I should note, I have another node running which has been operating continuously for more than a year. It is using an ancient USB WD external enclosure as its storage and shows zero audit errors. Same connection, same network, older hardware and lower throughput.
throughput and io isn’t exactly the same thing, disks in a raid works as one hdd and so your raid iops would be about the same as a single disk, atleast for dealing with the tons of small io a storagenode creates.
but if your disk backlog and iowait looks fine, then i guess thats not it… but usually when failing downloads its latency related… tho an hour seems rather extreme.
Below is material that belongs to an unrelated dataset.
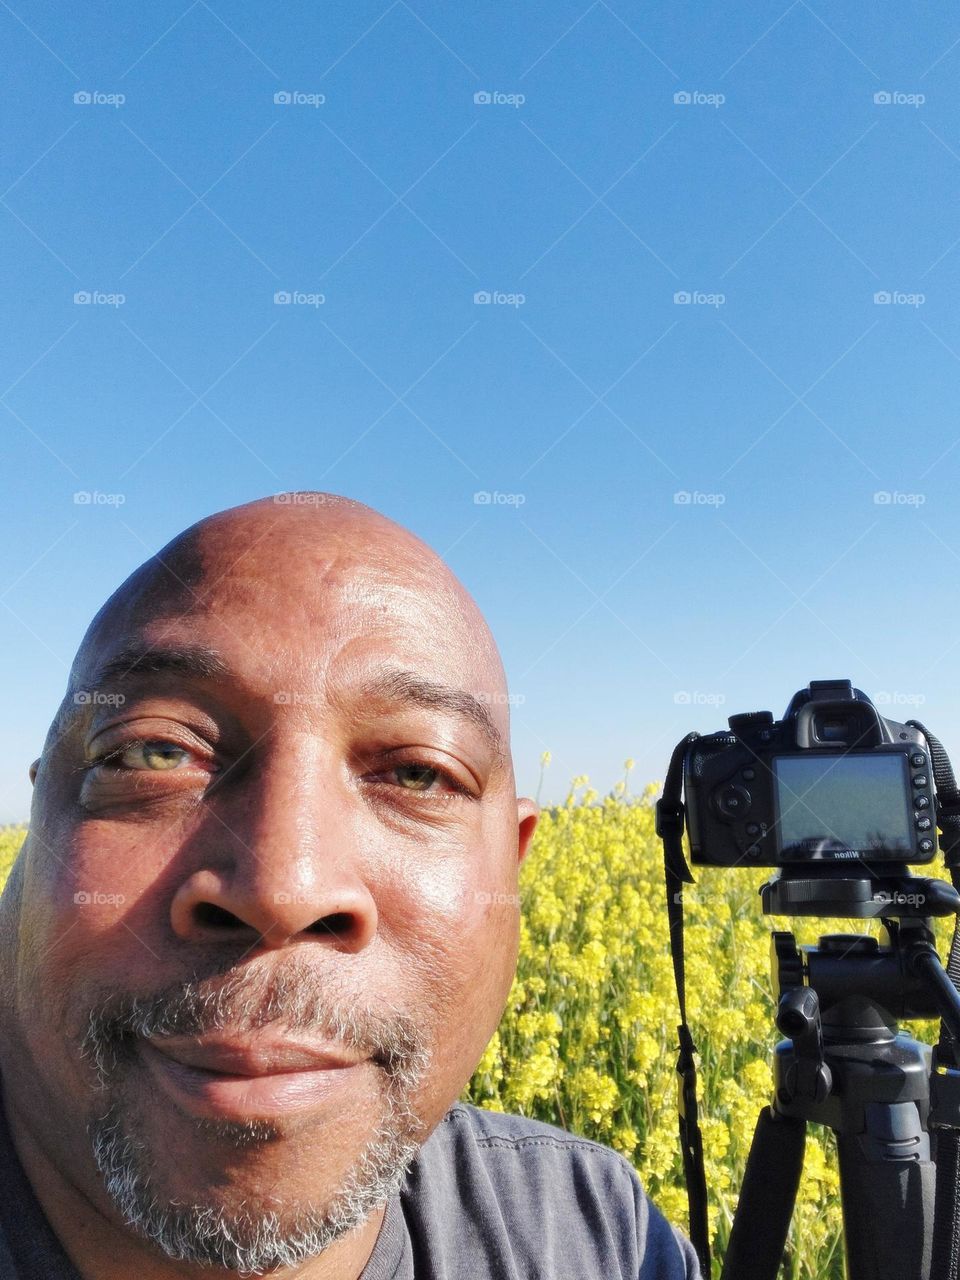 photographer enjoying nature in a field of flowers

this basically says it waited for an hour, before timing out…
and then because you didn’t fail this same audit the second time it was attempted it must have been a success else your audit score should have dropped…
not like your system clock is wrong or something weird like that… i’m not sure the node would even work with wrong clock tho…
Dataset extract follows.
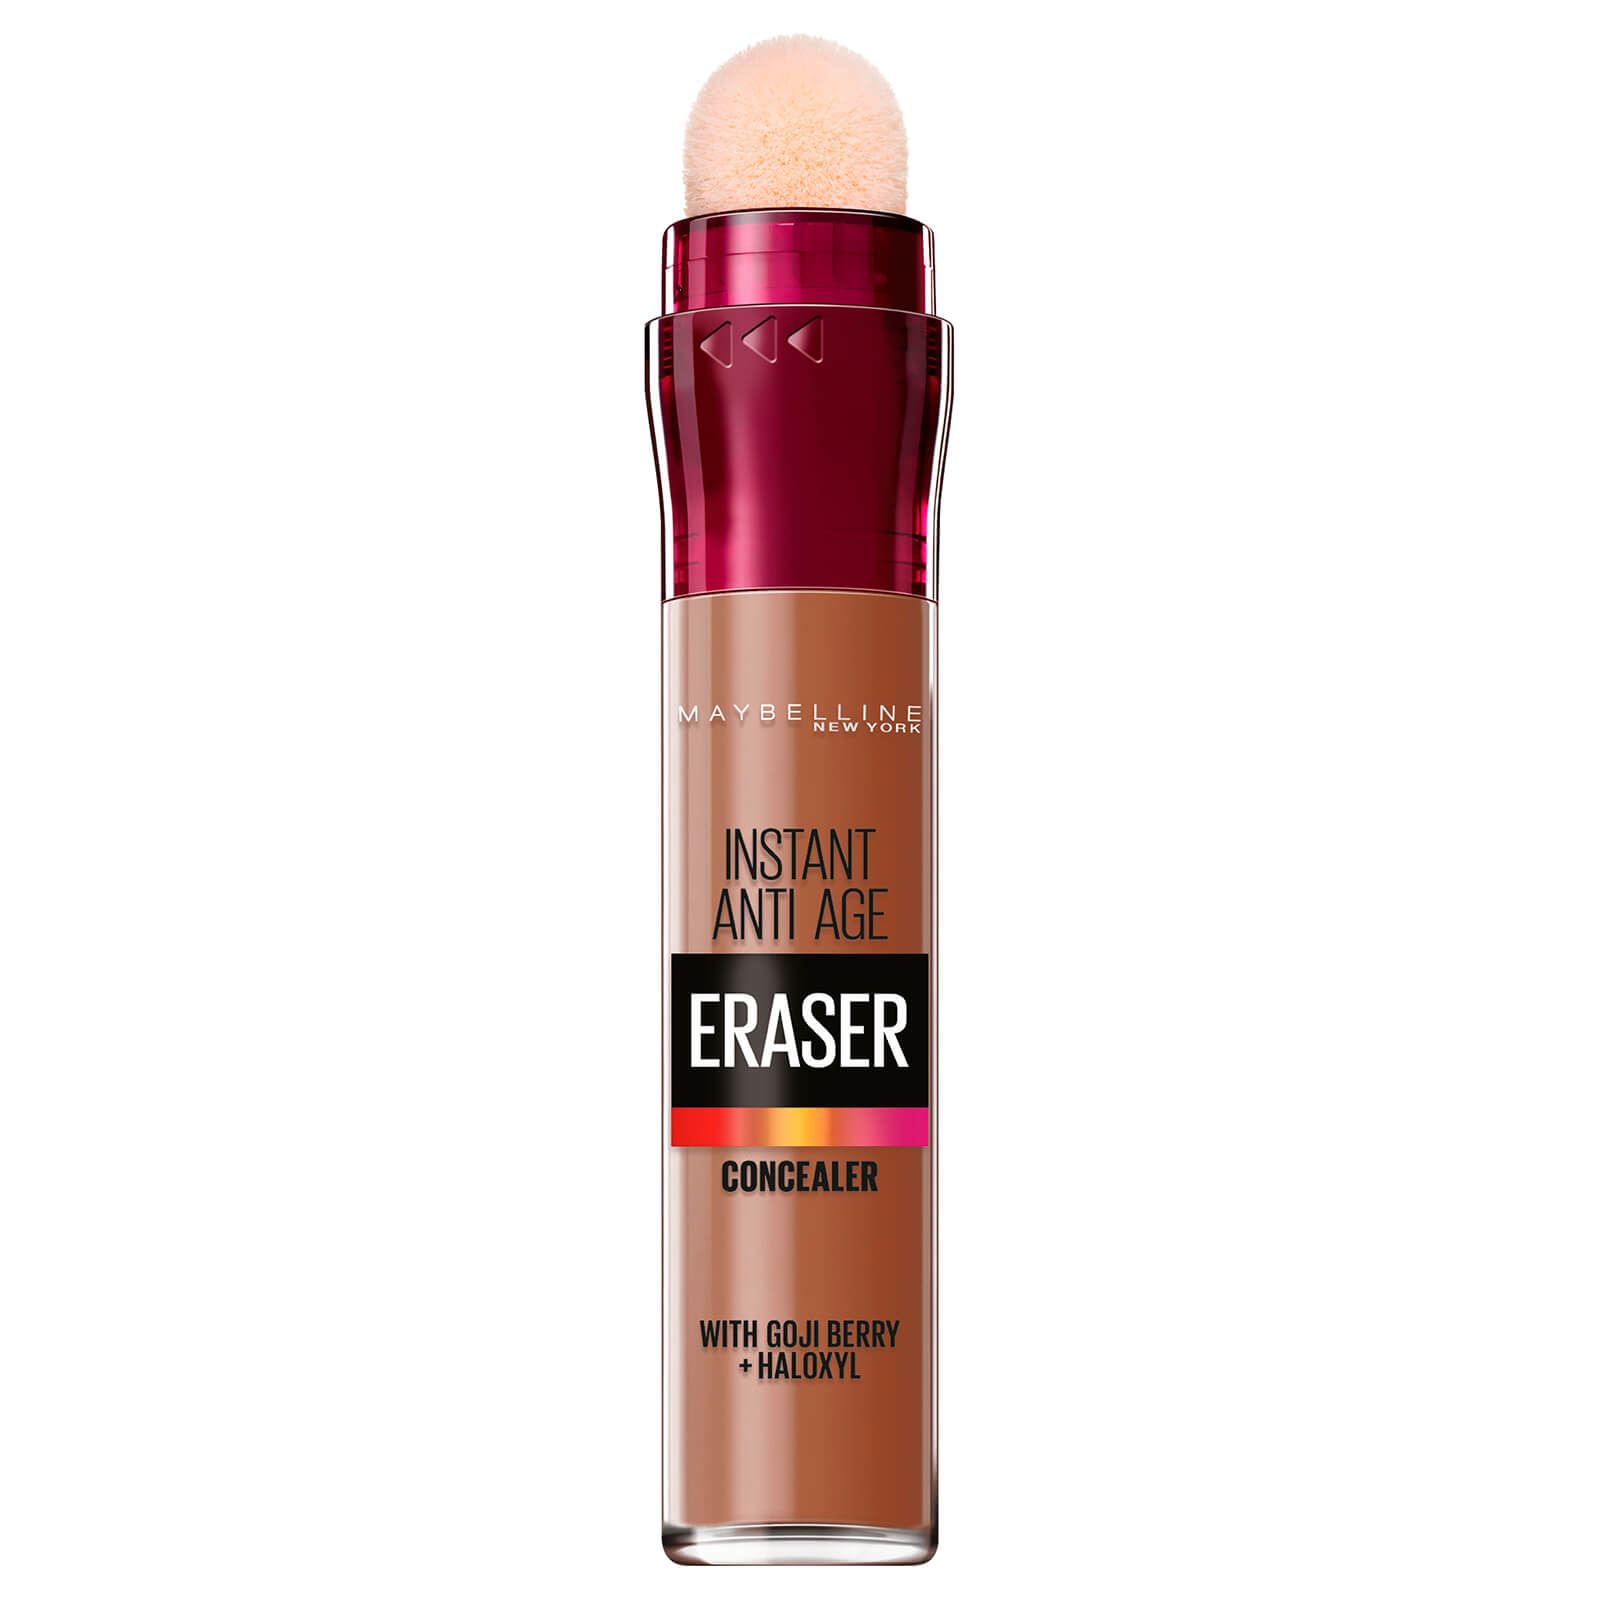 Maybelline Instant Anti Age Eraser Concealer 6.8ml (Various Shades) - 2 13 Cocoa

but it isn’t to long since we switched to winter time… so maybe… i think there was a couple of people having some issues with the switch to winter time… don’t recall the details tho…
so maybe check that your system clock of the nas is correct
when suspension score drops its almost always latency related.
your main problem currently is when you go back above 60% in suspension score for that satellite you will enter a 30 day trial period, and if your node drops below 60% again that satellite will DQ.
created 4 months ago… what version are you running?
you should be on v1.41.2
and if you aren’t your should update the node immediately and also install watchtower to take care of the automatic updates
I’m not terribly worried about getting disqualified on the node, it’s not utilized much. My objective is to understand what happened. I won’t miss the penny/month I earn from it. (not kidding)
I believe it is up to date but I will check it and get watchtower running.
I’ll mark your conjecture about the time change being the cause as the answer for now, I’m not sure what else would have caused it honestly. I certainly don’t have an hour+ of latency.
Thank you for your help!
Update: So all I did was restart the container, same version and image, same data. Now the node is unsuspended and shows lots of ingress. Maybe a problem with the container itself? who knows.
sometimes stuff is just weird, keep and eye on that the suspension score goes up and keeps going up, i forget how long that can take, but its days if not closer to 30 days total… to reach 100%
After several more hours of operation, it’s at 97.28% and out of danger. Just including this for anyone interested, apparently nodes recover extremely quickly from time drift.
A day later we’re at 99.91%. Remarkably fast recovery. I’ll stop updating at this point, it looks like this is solved. I was just reporting the numbers in case someone was curious about the recovery time. If anything further develops I’ll revisit this. Thanks all for the assistance!